1.2.1.2. La bathymétrie du chenal en 1876

Les archives, de VNF et de la mairie d’Arles, fournissent des relevés bathymétriques du Rhône et du Petit Rhône en 1876 à travers une carte minute du Petit Rhône et un document finalisé qui s’étend d’Avignon à Arles.

La carte minute du Petit Rhône21 (Figure 37) couvre le chenal de ce bras, depuis la diffluence jusqu’à l’embouchure, sur le fond topographique de l’Atlas de P&C (la position des bornes des PK et les limites du chenal sont identiques). Les levés ont été réalisés entre le 13 mars et le 21 avril 1876 par des sondages effectués le long de profils transversaux en oblique par rapport au flux. Entre chaque PK, 18 à 24 profils sont réalisés. Cette méthode

permet un recoupement des données et affine la précision du dessin des isobathes résultantes. Entre chaque journée de levé, il n’y a pas de décalage dans les isobathes ; pourtant l’analyse des hauteurs d’eaux mesurées à Avignon (aucune donnée n’a été retrouvée pour cette période à l’aval) pour cette période22 montre une variabilité importante, comprise entre 1.6 et 4.2 m (Figure 38).

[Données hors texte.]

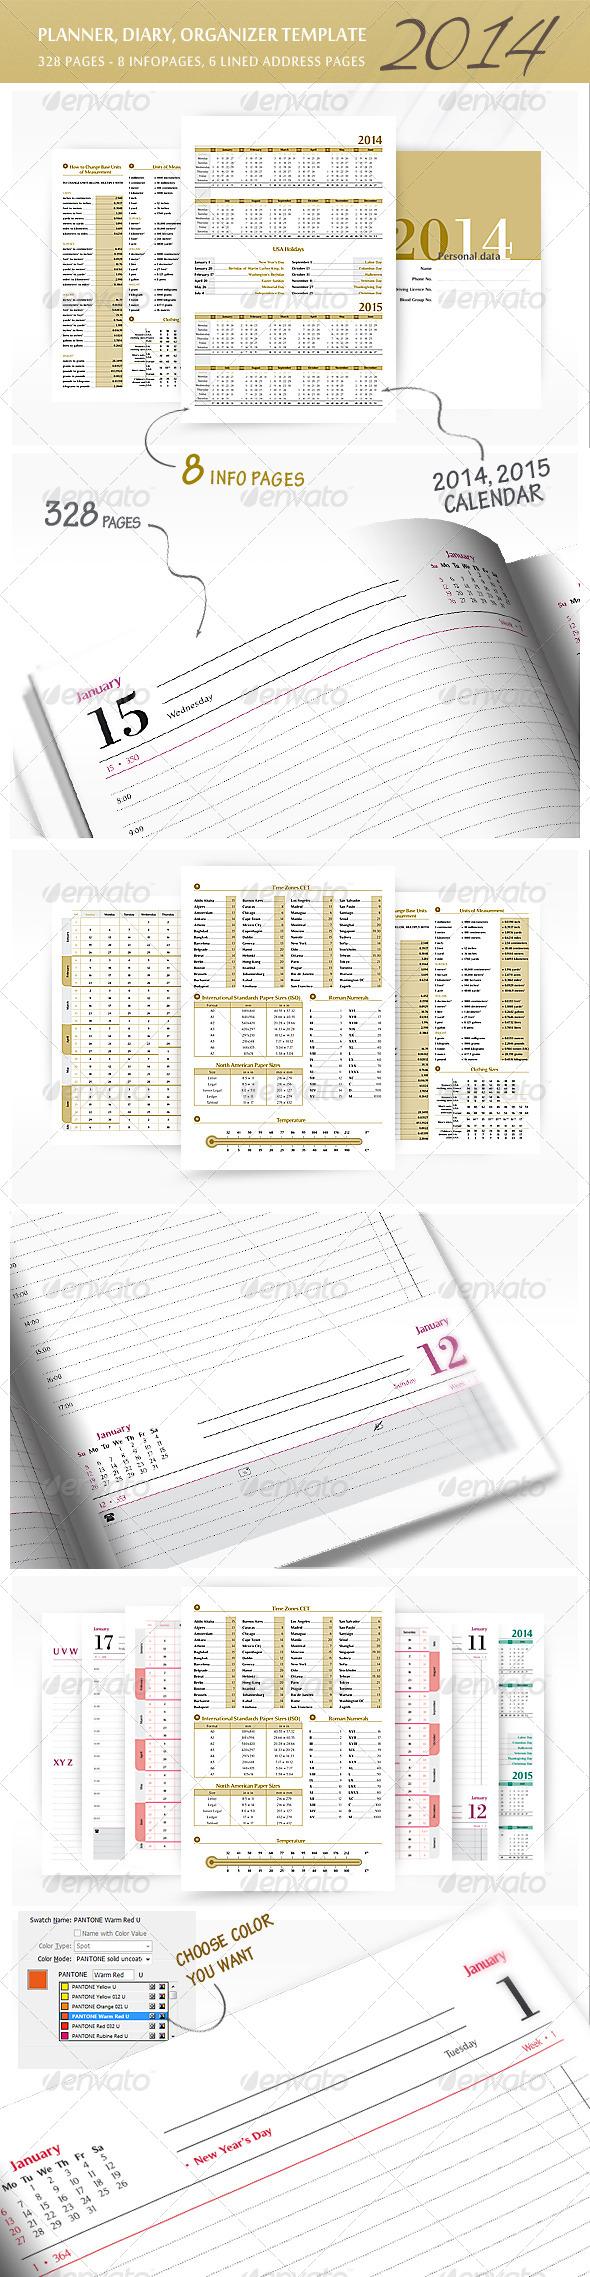 GraphicRiver Planner-Diary-Organizer 2014 v2 6138588

Pardé (1925) référence les crues au dessus de 4 m à Avignon, à partir d’une crue à 4.25 m qui correspond à un débit de 4 100 m3 s-1en septembre 1846. Donc il est possible de supposer que pendant les levés, les variations du débit sont assez importantes, sans pouvoir les qualifier à partir des données disponibles.

Figure 37 : Carte minute du petit Rhône en 1876

Figure 38 : Hauteurs d'eau à l'échelle d'Avignon pour les mois de mars et avril 1876 (en rouge la période des relevés bathymétriques sur le Petit Rhône

1.5 2 2.5 3 3.5 4 4.5

1-mars 8-mars 15-mars 22-mars 29-mars 5-avr. 12-avr. 19-avr. 26-avr.

Hau teu r à l 'éch el le ( en m ) Périodes de mesure

Ces remarques sur les variations du débit pendant les mesures et sur la continuité des isobathes entre les différentes journées de travail montrent que, sur le document, le niveau d’eau du Rhône a déjà été corrigé des fluctuations dues aux variations du débit. Il reste que, comme sur les bathymétries précédentes, aucun référentiel pour les niveaux d’eau n’est mentionné sur cette carte minute, si ce n’est pour chaque journée une direction et une vitesse relative de vent et la position du niveau d’eau par rapport à un point qu’il est difficile de retrouver à l’heure actuelle. Par exemple, le 16 mars 1876 (Figure 37), « le vent est Nord Ouest, les eaux augmentent et marquent + 0.63 à l’échelle de la Roubine des Saintes Maries ». Cette donnée est totalement inutilisable à l’heure actuelle, mais la continuité des isobathes aux limites des différentes journées d’acquisition, laisse supposer que cette information n’a qu’un intérêt limité (elle ne sera donc pas prise en compte) et qu’un travail d’homogénéisation de la bathymétrie a déjà été effectué par les ingénieurs de l’époque sur ce document.

L’antenne d’Avignon de VNF dispose dans ses archives d’un document non répertorié, sans titre ni cartouche. Il est basé sur l’Atlas des P&C (cf. 1.1.2), sur lequel a été rajoutée, entre Avignon et Arles, la bathymétrie du chenal (Figure 39). Les isobathes ont une équidistance verticale de 1 m, mais l’isobathe -1 m est remplacée par l’isobathe -1.6 m. Sur ce document sont aussi présentés les aménagements à courant libre à construire pour les années 1877 à 1880 : les relevés bathymétriques peuvent donc être datés de l’année 1876. Il est même fortement possible qu’ils fassent partie de la même campagne de mesure que la carte minute décrite précédemment. La recherche du niveau de base de ce relevé bathymétrique sera développée plus loin.

1.2.1.3. La topographie de la plaine en 1870-76

L’Atlas des P&C, fournit des informations altimétriques sur la plaine dans le système Bourdaloue. La date des levés n’est pas mentionnée sur le cartouche, mais la carte étant réalisée entre 1870 et 1876, les relevés sont supposés contemporains de cette période. En continuité du profil en travers de chaque PK dans le chenal, un profil topographique est en effet dressé dans la plaine avec un écart de 100 m entre les points. Ces profils sont présents sur la totalité de l’Atlas, sauf dans le delta sur le Grand et le Petit Rhône.